■ Dataset extract:
== Segment start ==
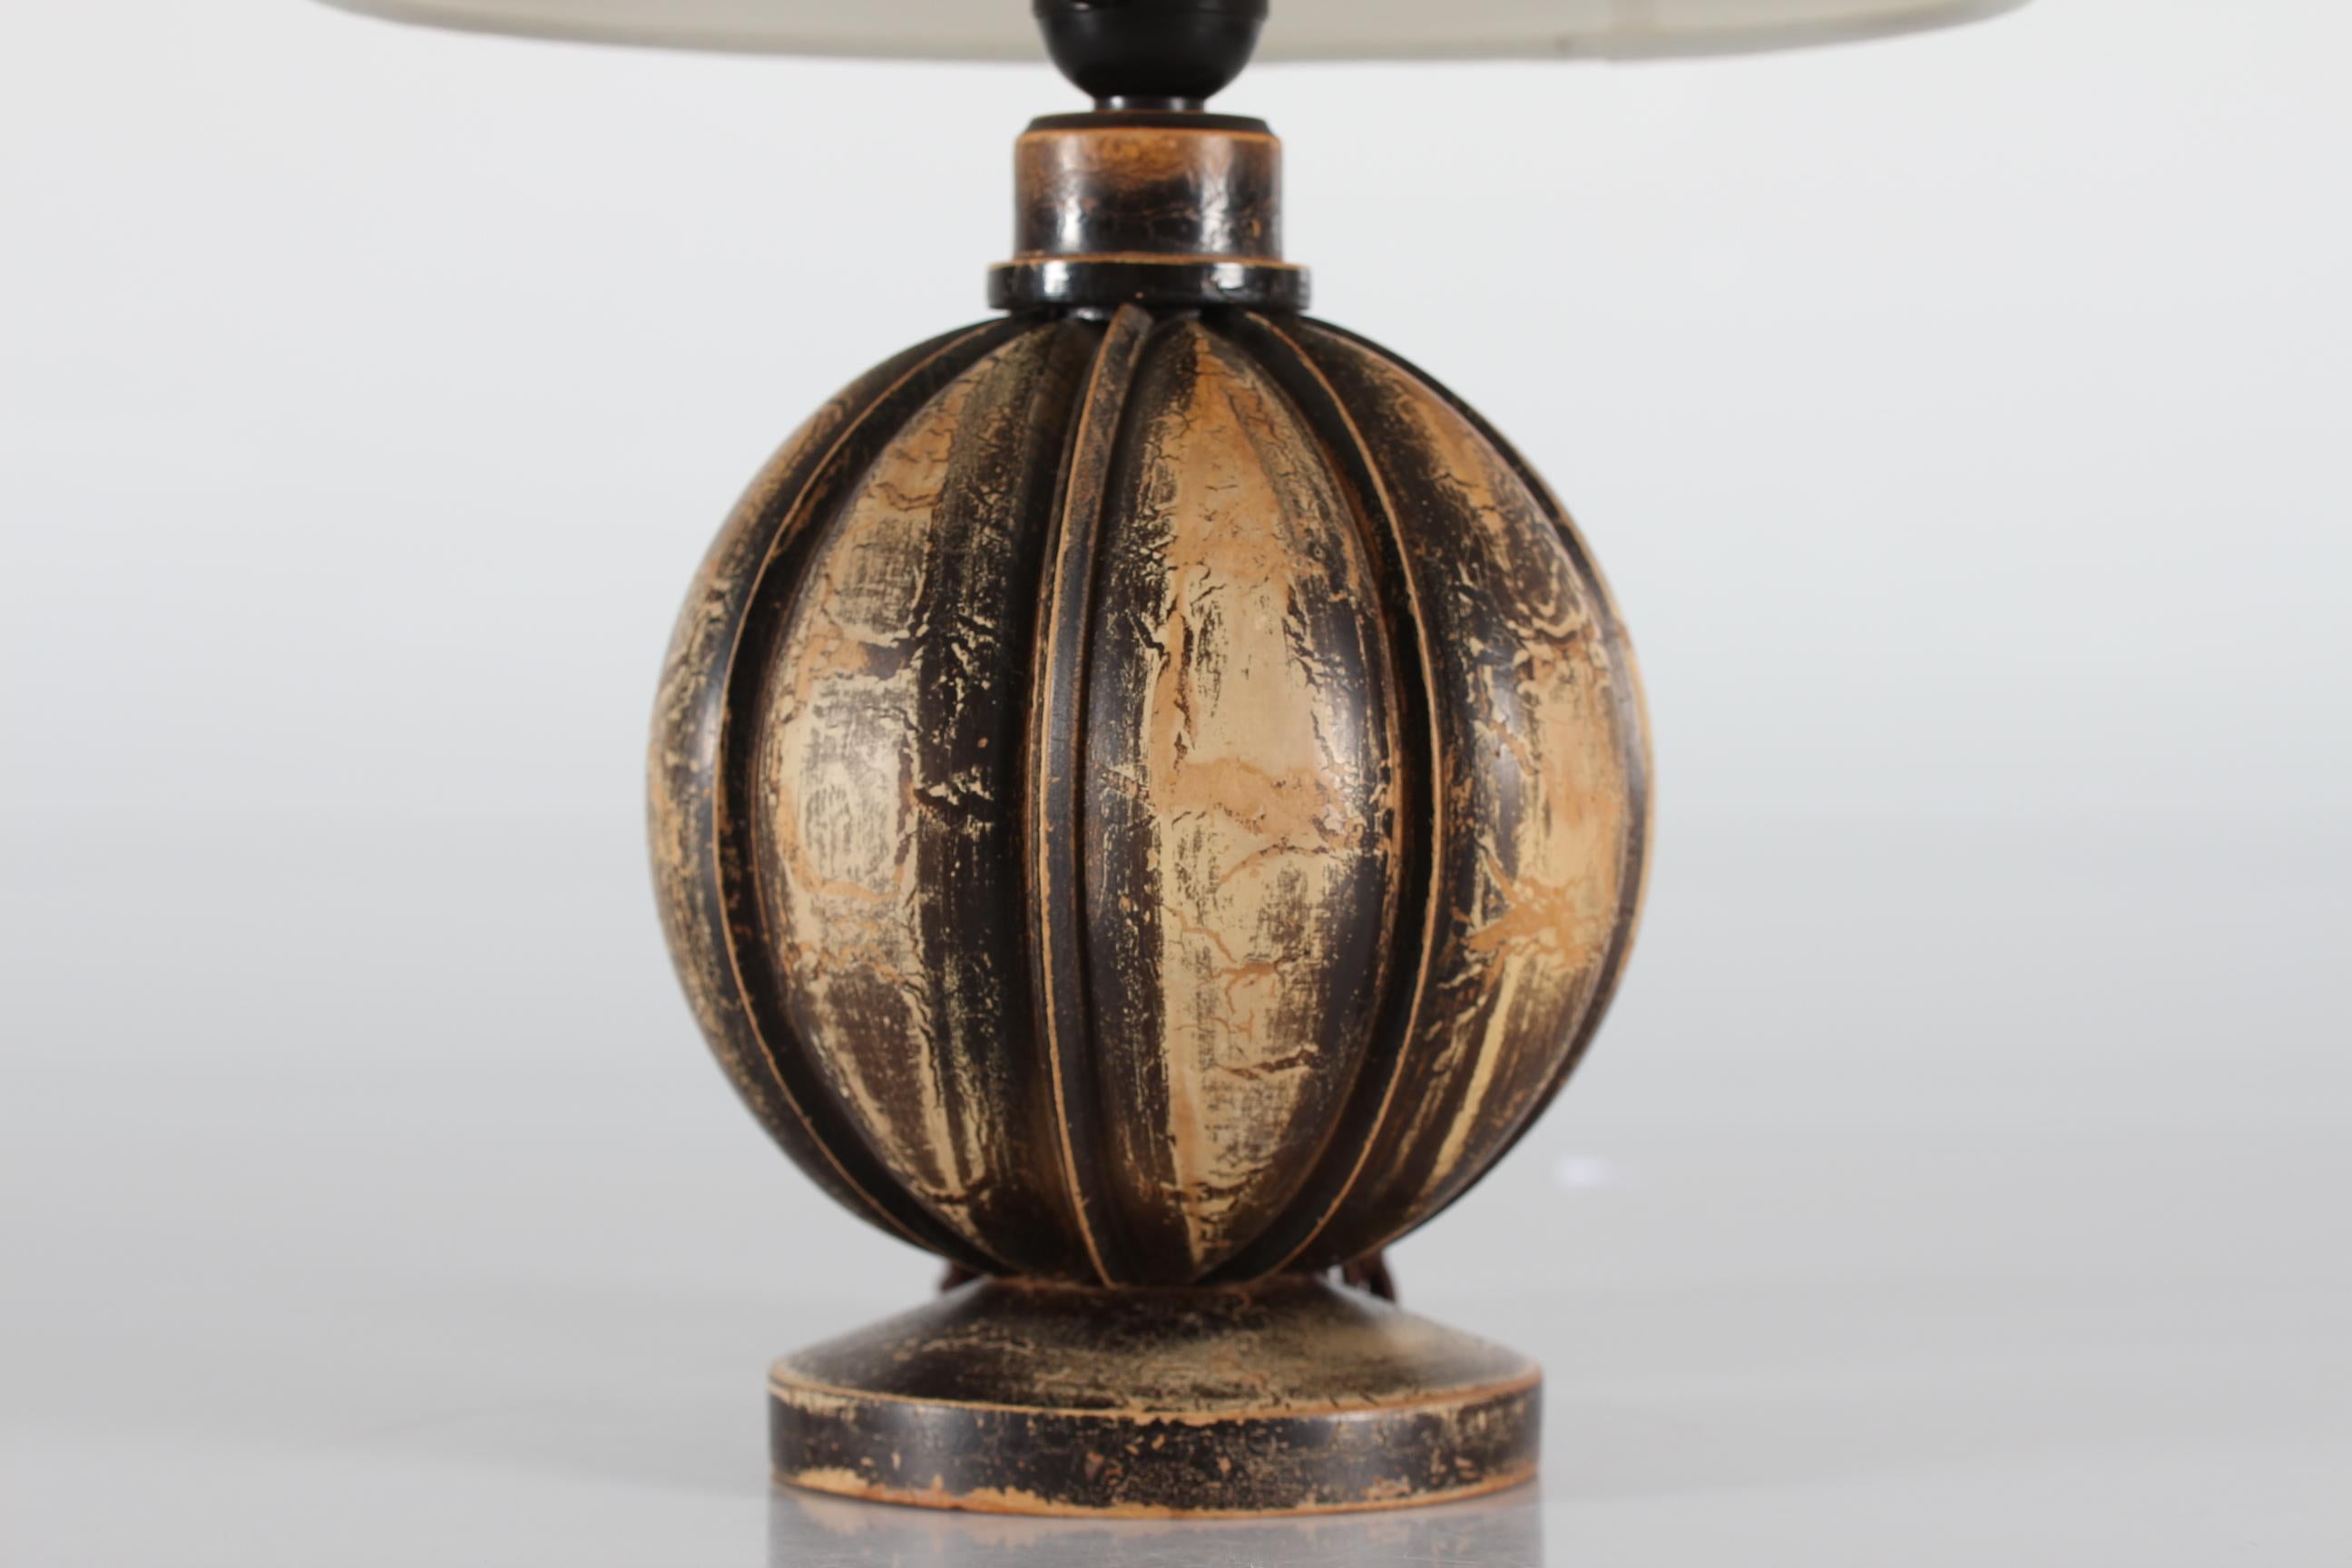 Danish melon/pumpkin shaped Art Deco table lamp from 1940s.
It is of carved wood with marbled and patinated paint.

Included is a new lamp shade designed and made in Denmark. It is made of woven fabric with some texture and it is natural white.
== Segment end ==
■ What you are asked to do: The lines from the one containing "It is of carved" through the final line of the listing above are to be repeated exactly, and nothing else is to be printed.

■ Reply:
It is of carved wood with marbled and patinated paint.

Included is a new lamp shade designed and made in Denmark. It is made of woven fabric with some texture and it is natural white.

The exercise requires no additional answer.